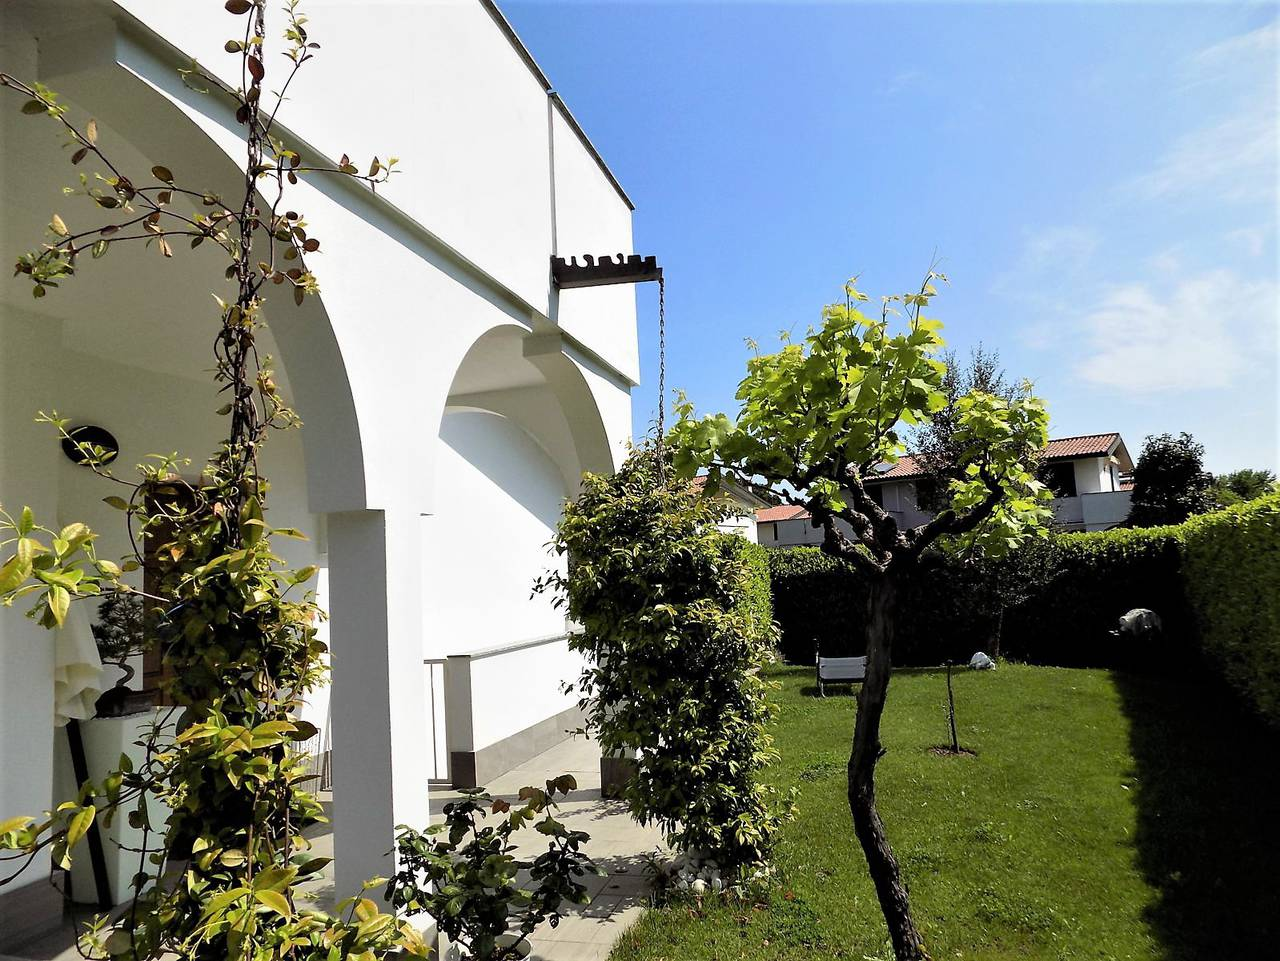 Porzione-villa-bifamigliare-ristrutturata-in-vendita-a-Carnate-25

--

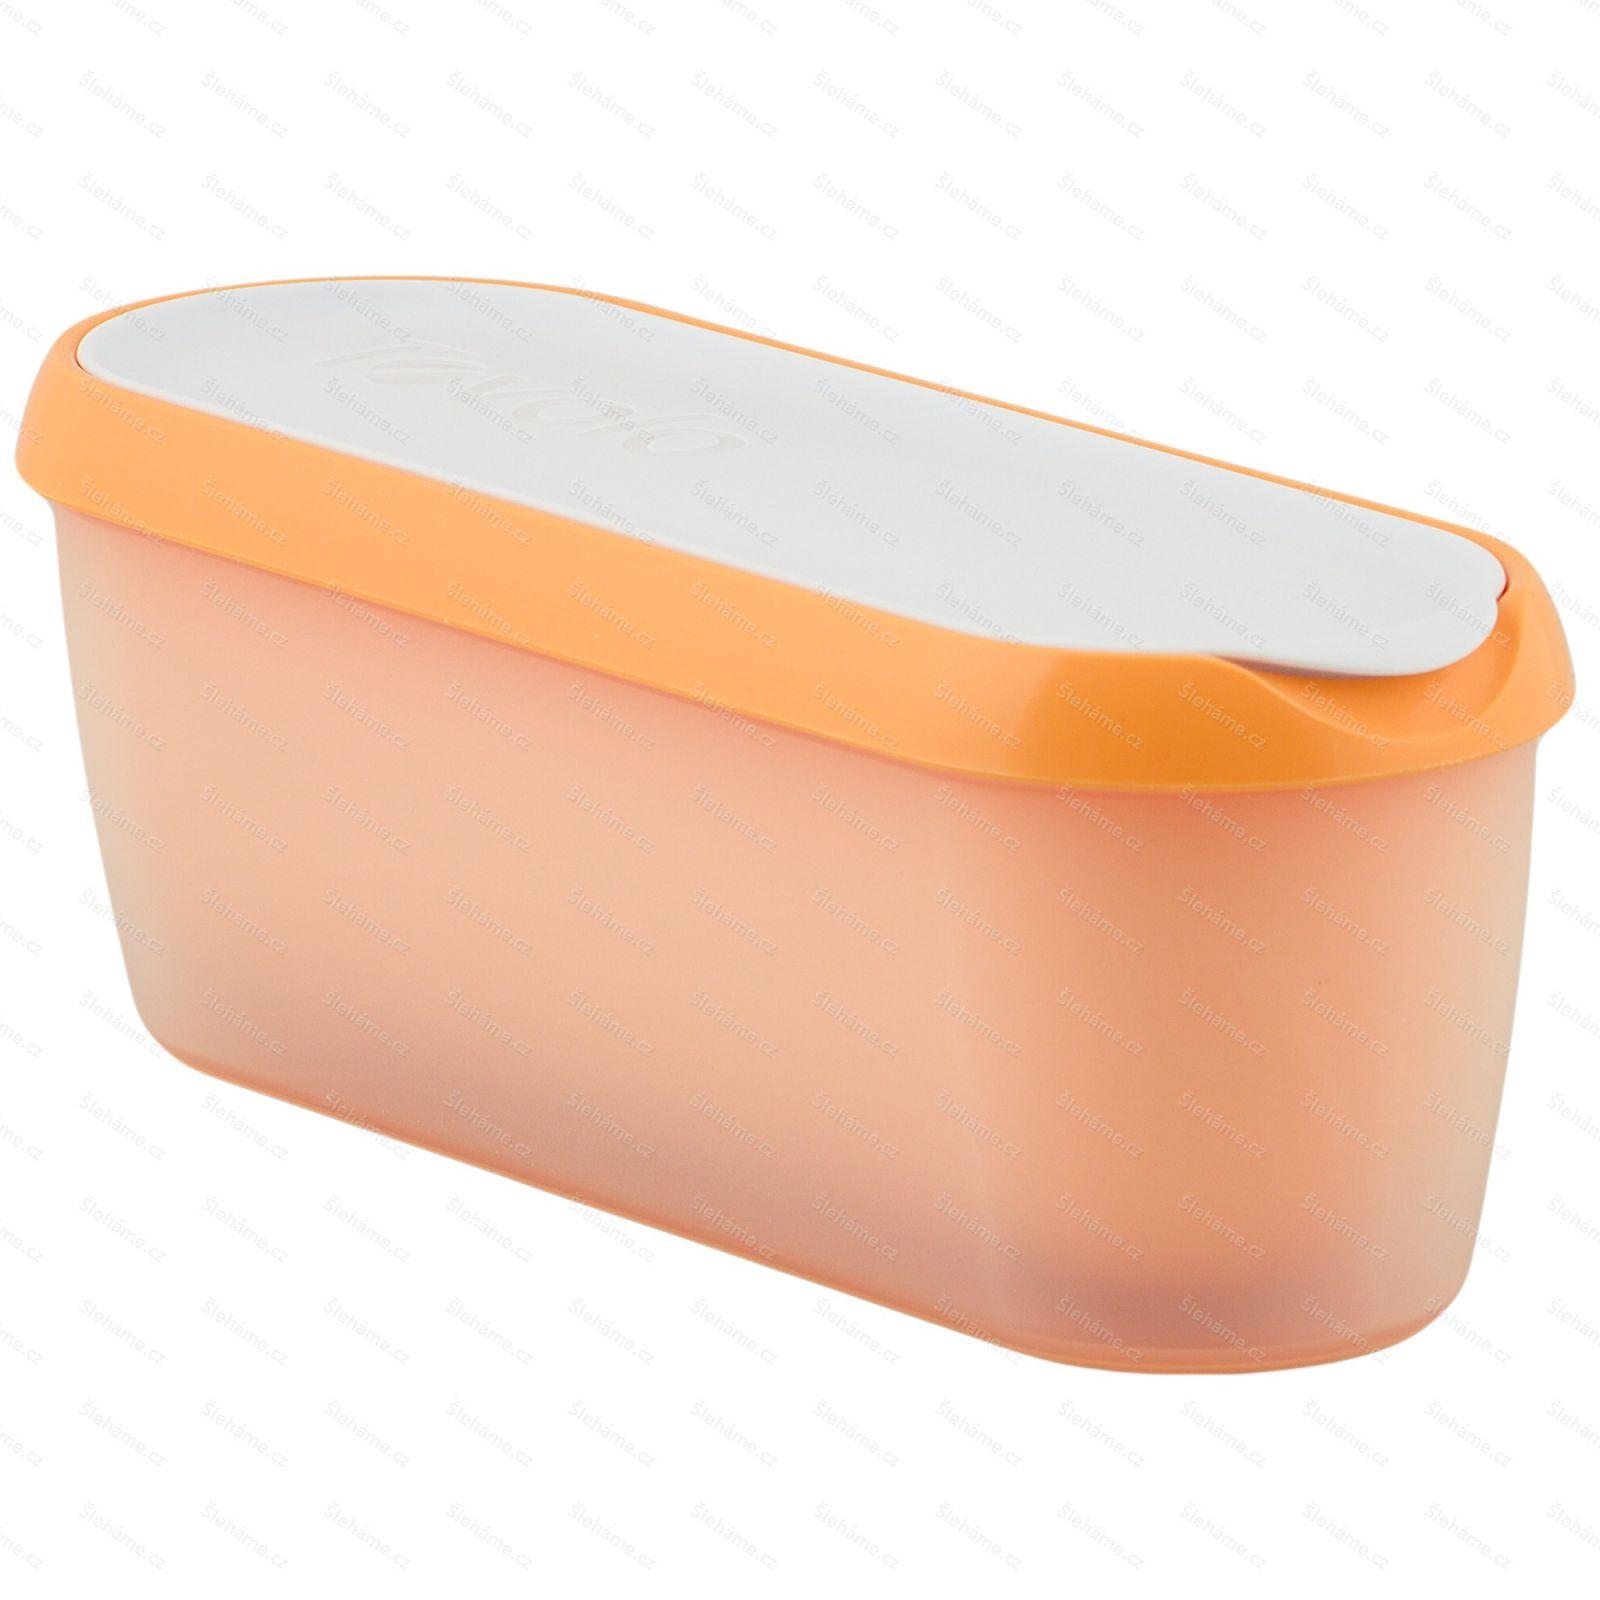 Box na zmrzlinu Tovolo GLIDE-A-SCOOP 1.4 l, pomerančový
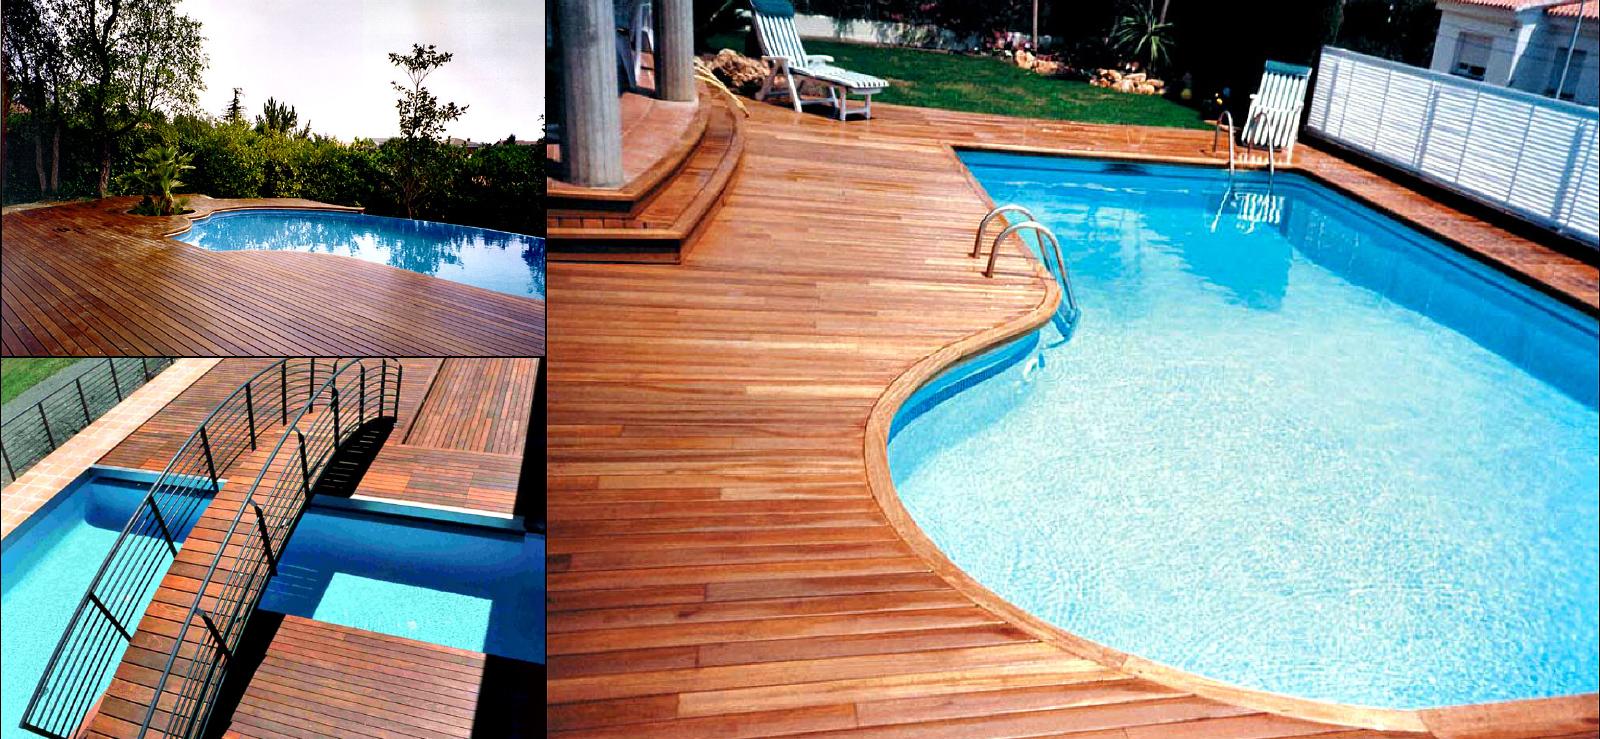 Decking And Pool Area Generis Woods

*Prompt*: The output is the stretch above from the line with "Box na zmrzlinu" through the line with "Decking And Pool Area Generis Woods", copied word for word with both ends kept and every picture dropped.

*Answer for the task*:
 Box na zmrzlinu Tovolo GLIDE-A-SCOOP 1.4 l, pomerančový
 Decking And Pool Area Generis Woods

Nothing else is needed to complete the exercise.